Top of Raw data

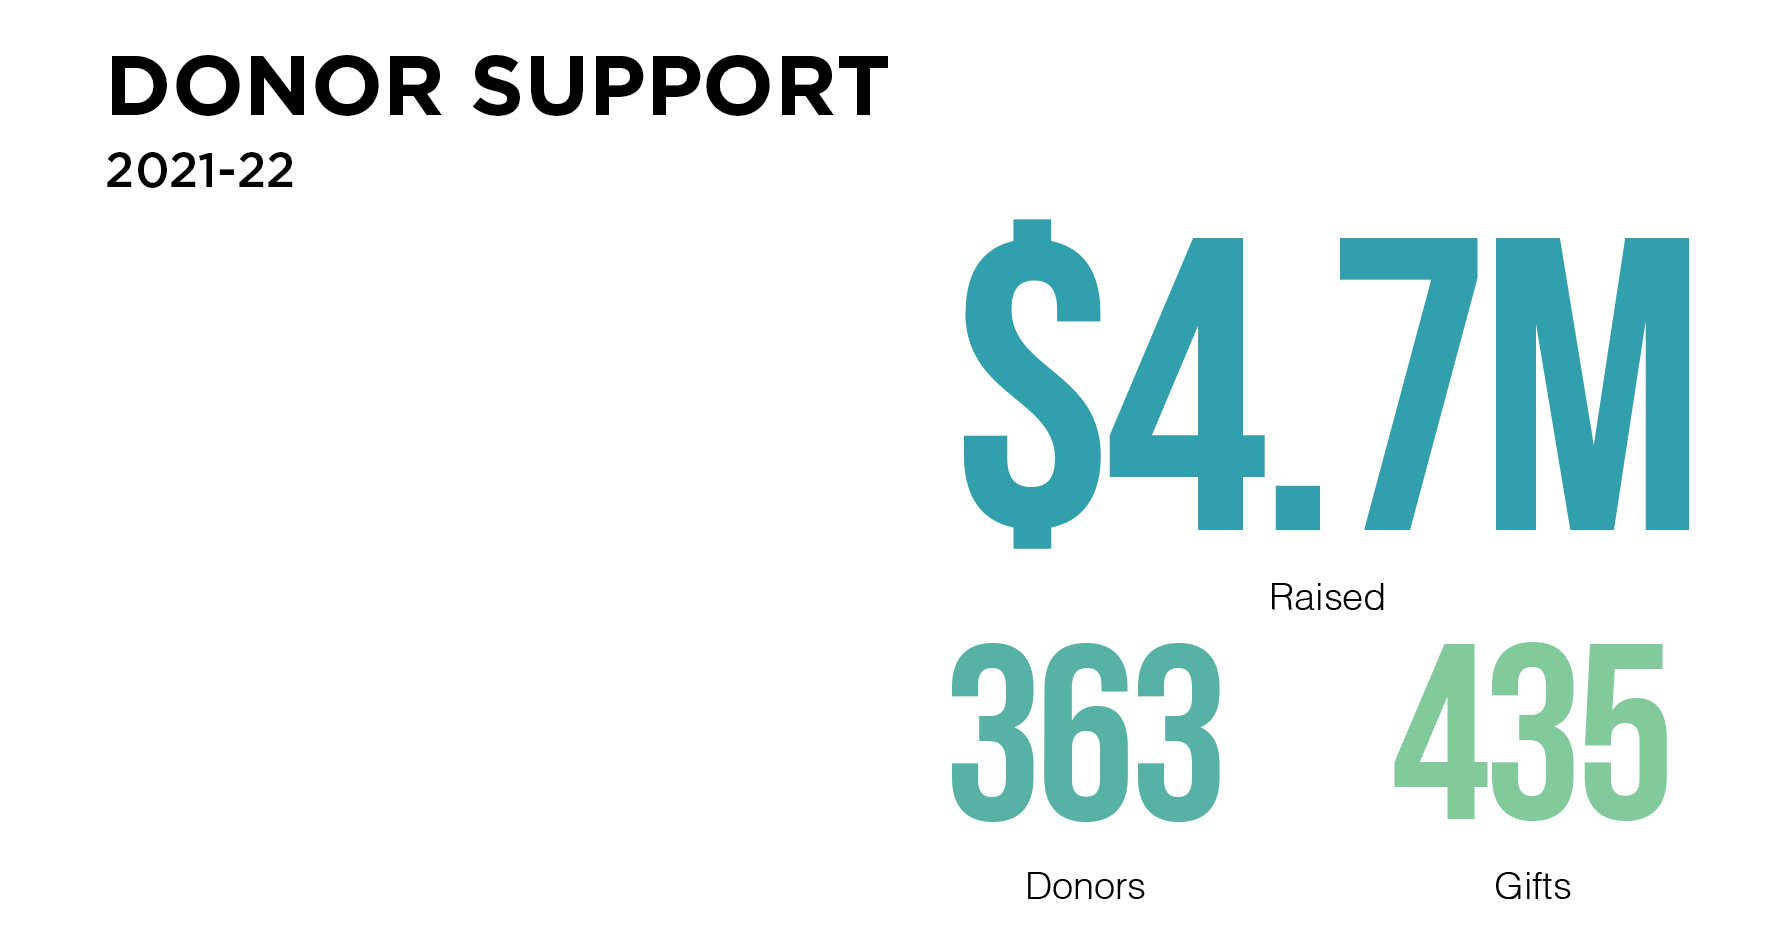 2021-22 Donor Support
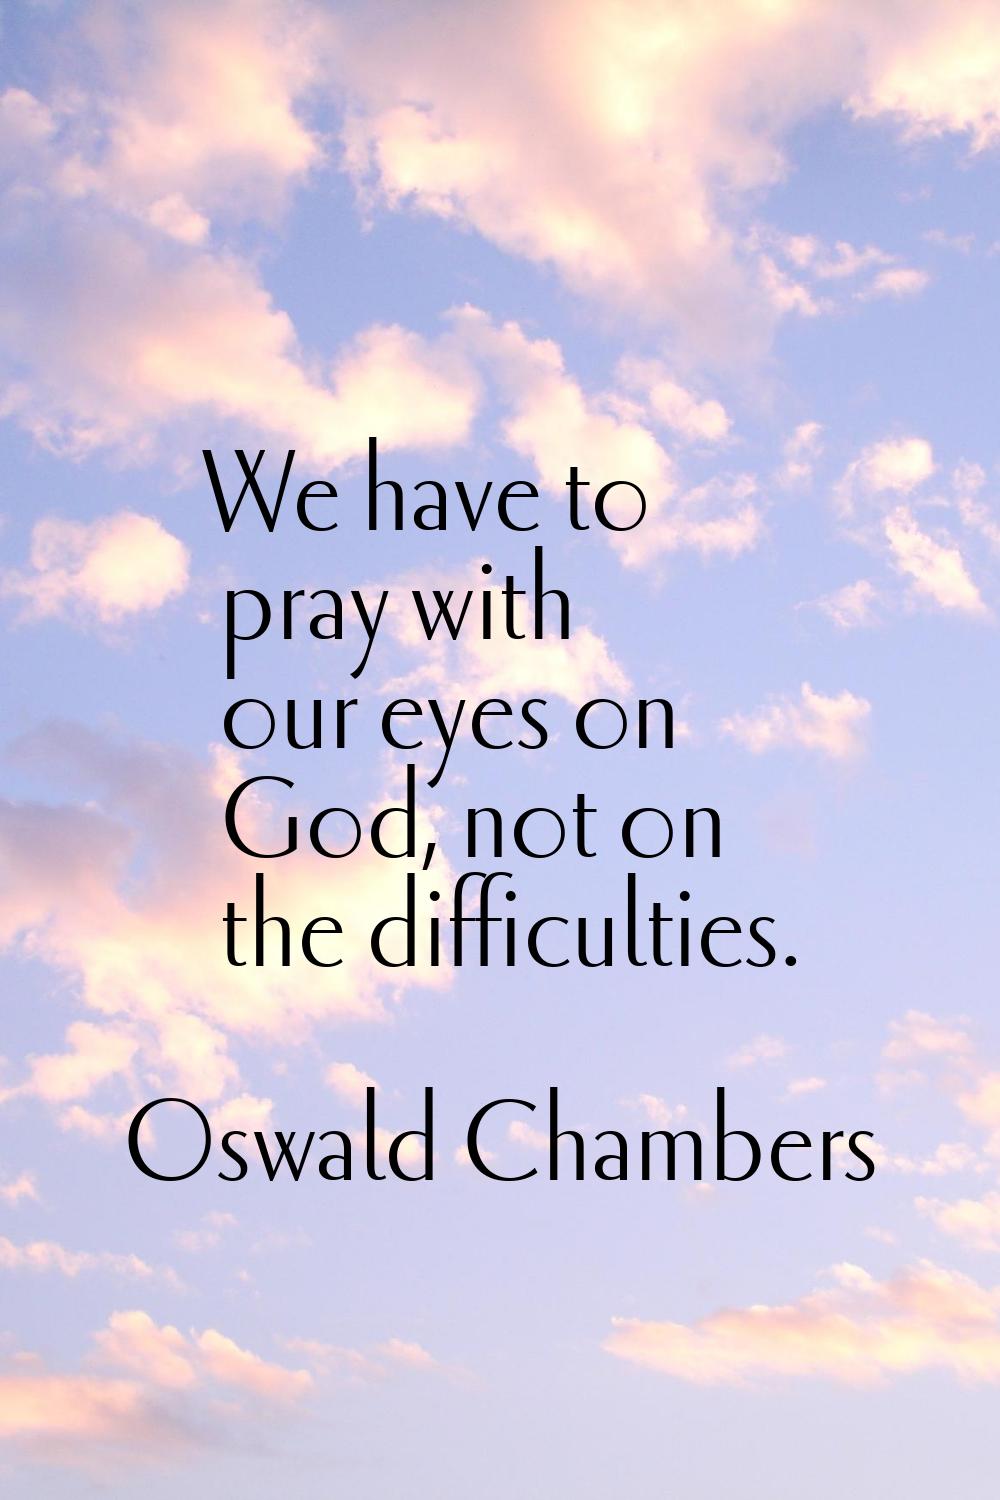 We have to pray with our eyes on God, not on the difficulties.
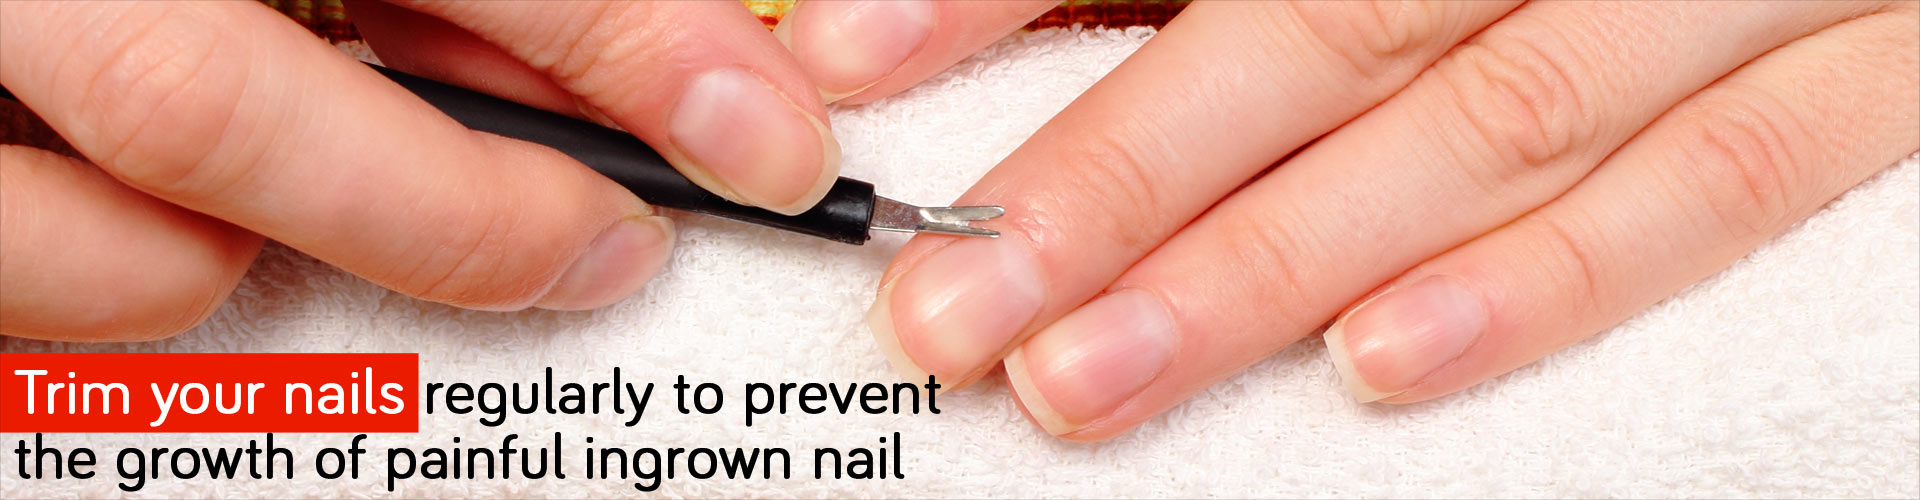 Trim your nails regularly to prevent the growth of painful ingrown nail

Bottom of Raw data

Could each line of the data be written out exactly, with no pictures included?

Expected output.
 2021-22 Donor Support
 We have to pray with our eyes on God, not on the difficulties.
 Trim your nails regularly to prevent the growth of painful ingrown nail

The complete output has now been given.